# Thumbs up to ESure



## Otto (Feb 2, 2013)

Was offered a quote from my insurer. £1144 with 4 years no claims.
Pretty steep. Personal cover by the way.

Esure offered £462. Phoned them up. Very polite, organised and quick. Paid for within 8 mins.
Spoke to a guy called Scott and was thoroughly happy with the service from such a large company (which is uncommon).

Credit should be given where it is deserved and my inital interaction with ESure has been outstanding so I thought I would let others know as we are always quick to shout about the bad ones. often meaning the good rarely get the credit they deserve

:thumb::thumb:Well done ESure:thumb::thumb:


----------



## ESS (Apr 27, 2013)

Been with esure for a couple of yrs, always a unbelievable price, would of stayed with them but too many mods on my car now for them 2 insure, even gave me money back when i left 
E


----------



## Bustanut (Jun 11, 2011)

If esure are anything to do with Ebike then make sure you read all small print on your correspondence very carefully.
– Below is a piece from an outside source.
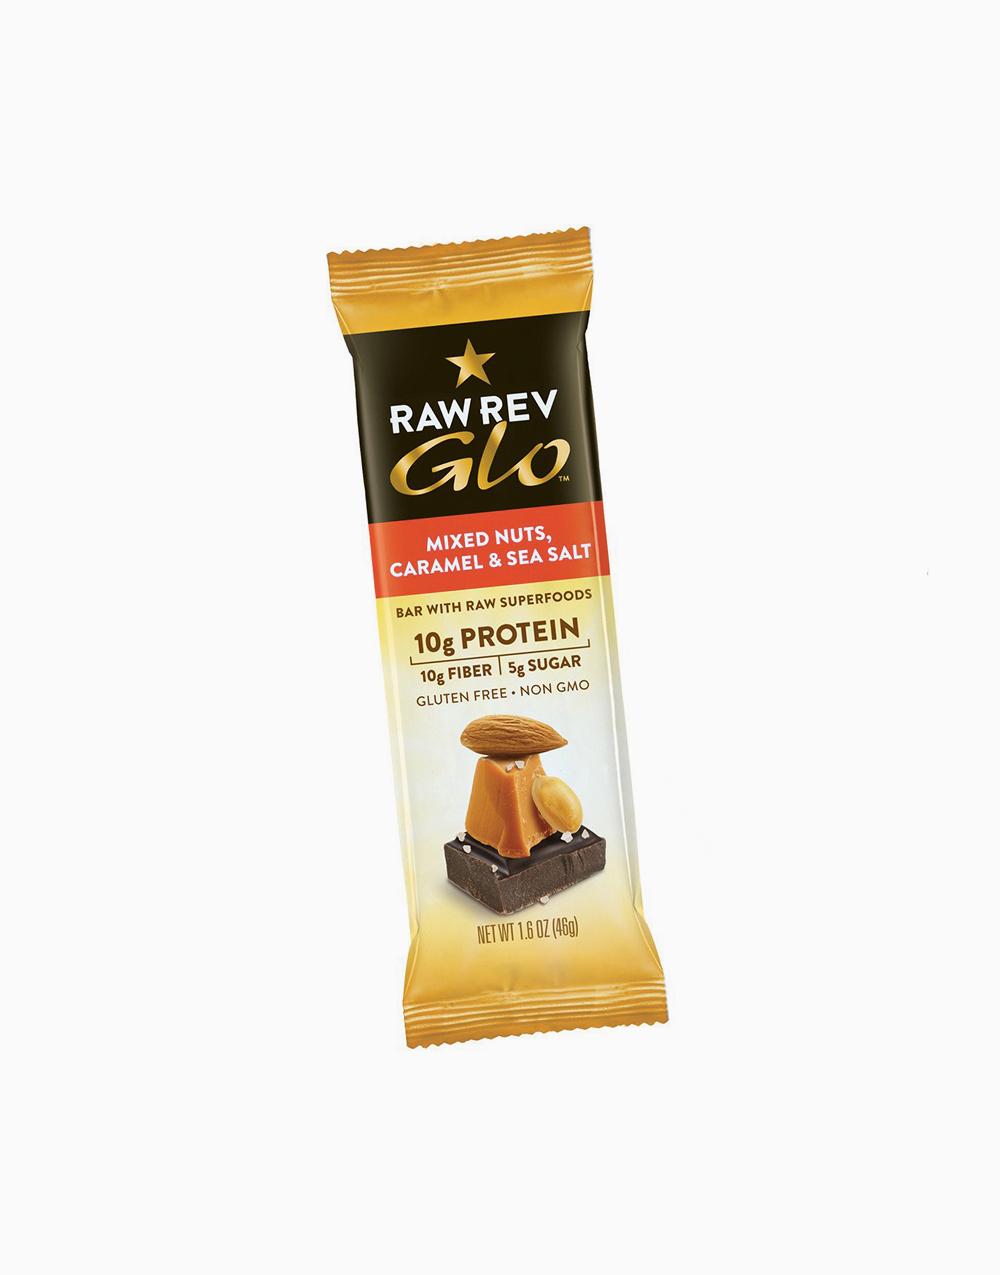 Mixed Nuts Caramel & Sea Salt (46g) by Raw Rev Glo
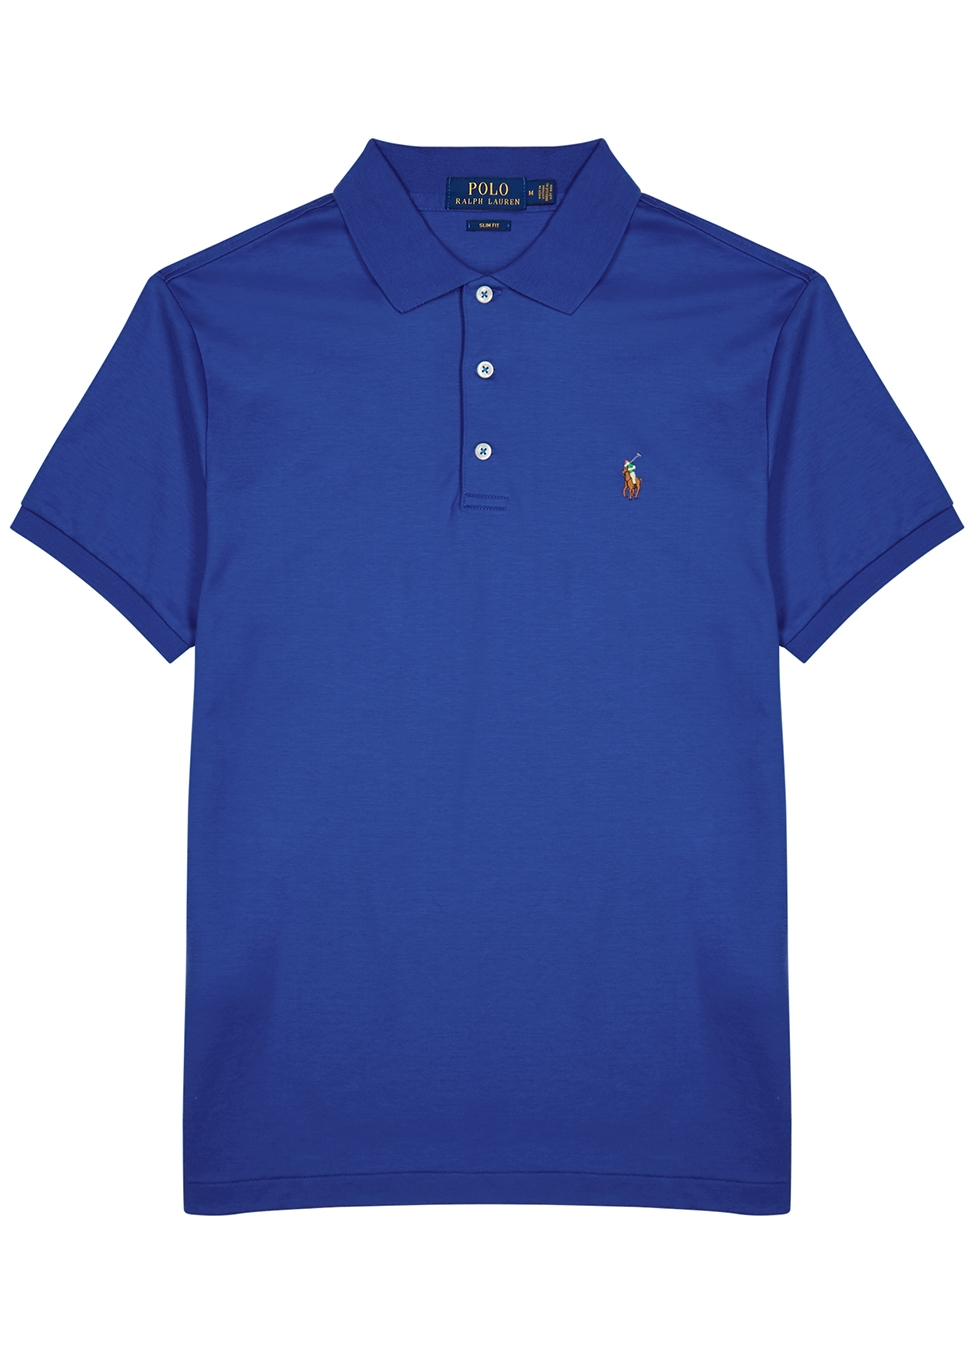 b1f7ee551f Polo Ralph Lauren Blue slim Pima cotton polo shirt - Harvey Nichols

They have a £75 cancellation fee for all policies but they don't tell you about it then send you letter demanding payment. When I refused to pay it they said it would be handed over to bailiffs etc. really annoying when you have paid your policy in full at the start of the year and it only had 2 months to go. Had it been made c,ear to me at the time I would have just left the policy to expire. I had a nightmare with them.


----------



## ESS (Apr 27, 2013)

Think they all charge to cancel / just different prices.......
Had these probs you mention with esure when moving from ST3 to RS, my arguement was i was having to leave them cause they couldn't provide me with a service i required, telesales staff made it hard work, got my details wrong & told me wrong info.
In the end it went to a manager who realized i was in the right, there staff were wrong let me leave amicably and sent me a nice refund with a letter of apology.
You have to ask all the relevant questions / but they dont like you doing this as it takes time & they lose commission on lost sales.
E


----------



## Kriminal (Jan 11, 2007)

I've just taken out a policy with these guys - done it online on Thursday; policy arrived in the post this morning.

They saved me £172 over my previous Insurers :thumb:

(PS. can't wait to get my mystery meerkat  )


----------